Аннотация:At present, the nanostructures are in a great scientific interest due to their special
mechanical, optical, and electromagnetic properties in comparison with bulk materials of the
same composition. All the specific properties of such structures are due to quantum phenomena and size effects [1]. One of the most efficient methods of nanostructures producing is the template synthesis in which the porous materials are used as matrix. This method allows the synthesis of nanoscale objects of various shapes and sizes which can be accurately controlled. The track membranes obtained by irradiating on the DC-60 accelerator using the krypton ions with an energy of 1.75 MeV/nucleon with a fluency of 1,0 109 sm-2 and the Hostaphan® polyethylene terephthalate films were used as the matrix for the iron and cobalt nanotubes template synthesis. After the chemical etching, the pores' diameters were 110 ± 5 nm [2-3]. The following electrolyte composition was used for electrochemical deposition of metals: СоSO4×7H2O (110 g/l), FeSO4×7H2O (110 g/l), H3BO3 (25 g/l) С6Н8О6 (3 g/l), at a voltage of 1.5 V and 2.0 V in a potentiostatic mode at room temperature.
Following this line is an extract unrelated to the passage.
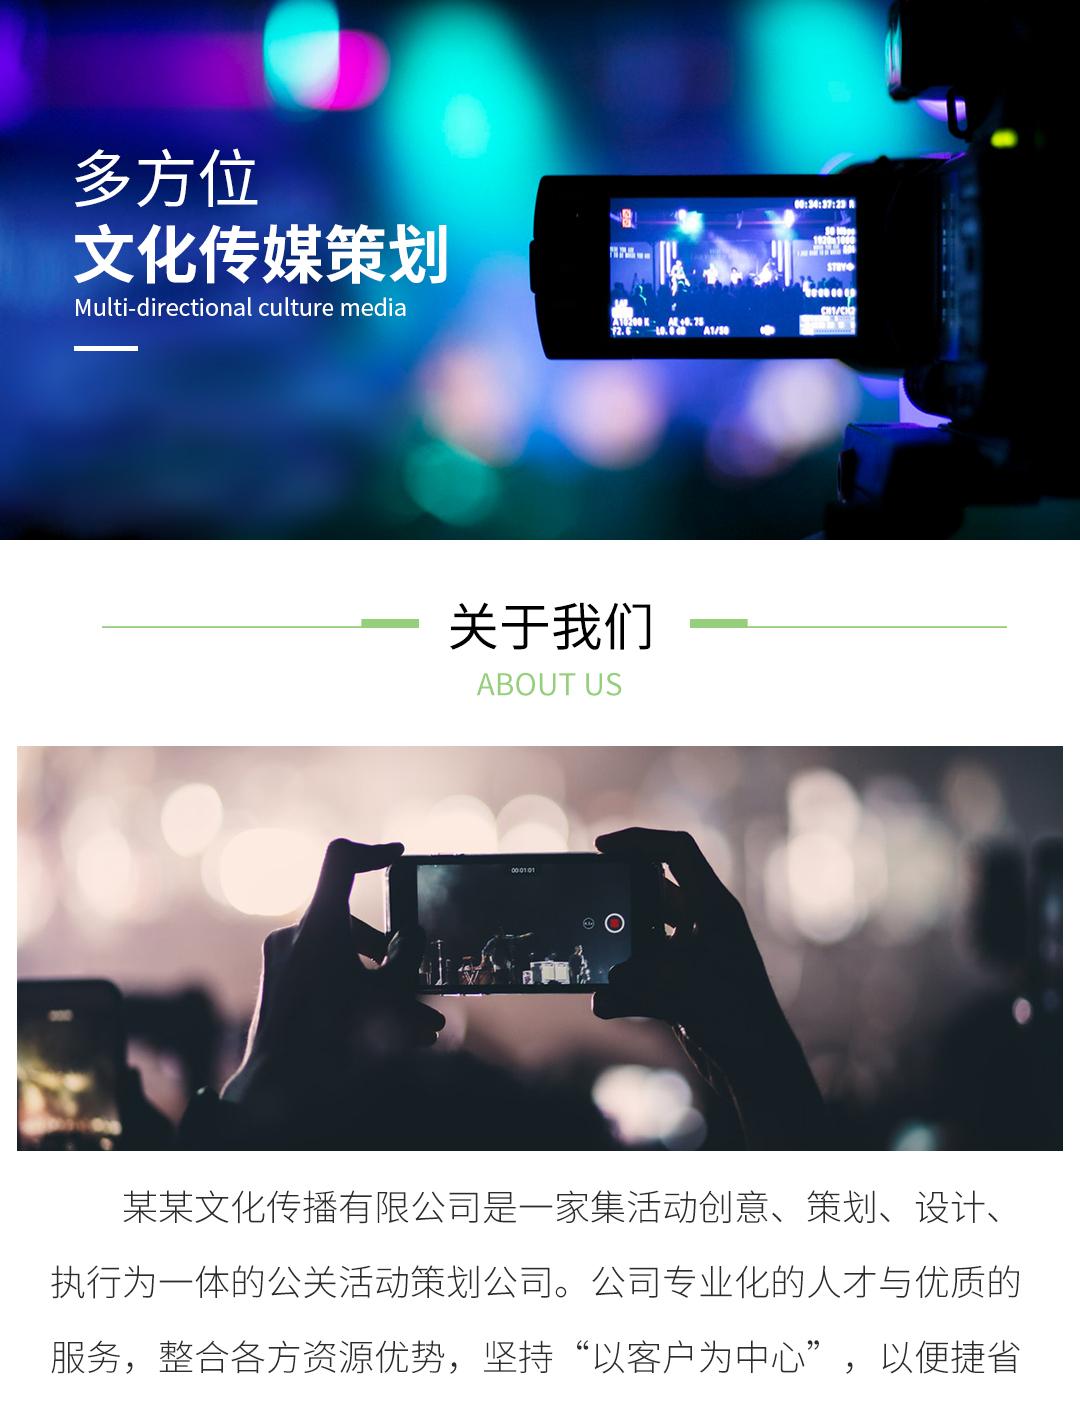 新闻媒体行业微信小程序|媒体小程序行业|小程序媒体行业

The SEM and TEM techniques proved that the obtained nanostructures are nanotubes
with the length of 12 mm, diameter of 110±5 nm and the thickness of 20 nm. The EDA analysis
of the spectra showed that the atomic ratio of metals in nanotubes was Fe58/Co42 for 1.5 V and Fe49/Co51 for 2.0 V respectively. The X-ray studies demonstrated that the samples had the singlephase and the BCC structure with a lattice parameter a ≈ 2,850 Å. The nanotubes for the Mössbauer studies were patterned in a polymer matrix. The samples were placed so that the nanotubes' axis were parallel to the γ-rays' direction [4]. The decoding model method implemented in the SpectrRelax software was applied for the Mössbauer spectra processing [4]. The obtained Mössbauer spectra of 57Fe nuclei in Fe/Co nanotubes were the Zeeman sextets with inhomogeneously broadened lines with nonequivalent positions of the iron atoms in the nanotube structure. The average value of the hyperfine magnetic field at the 57Fe nuclei was 356.2±0.4 kOe for Fe58/Co42 and 354.2±0.5 kOe for Fe49/Co51.
The analysis of the spectra proved that the values of the hyperfine field at the 57Fe nuclei
increased with the rising of the Co atoms number in the immediate environment of the Fe atoms. Substitution of the one iron atom for the cobalt atom led to increasing of the hyperfine magnetic field at 8.9±0.4 kOe for Fe58/Co42 and 9.0±0.4 kOe for Fe49/Co51. Thus, a shift of the Mossbauer line was reduced to 0.004±0.002 mm/c. The intensity ratio of the second and the fifth lines to the first and the sixth lines of the observed Zeeman sextet I2,5/I1,6 = 0.23±0.02 and I2,5/I1,6 = 0.18±0.02 for the observed samples indicated the existence of a magnetic texture with the prevailing direction along the nanotubes axis.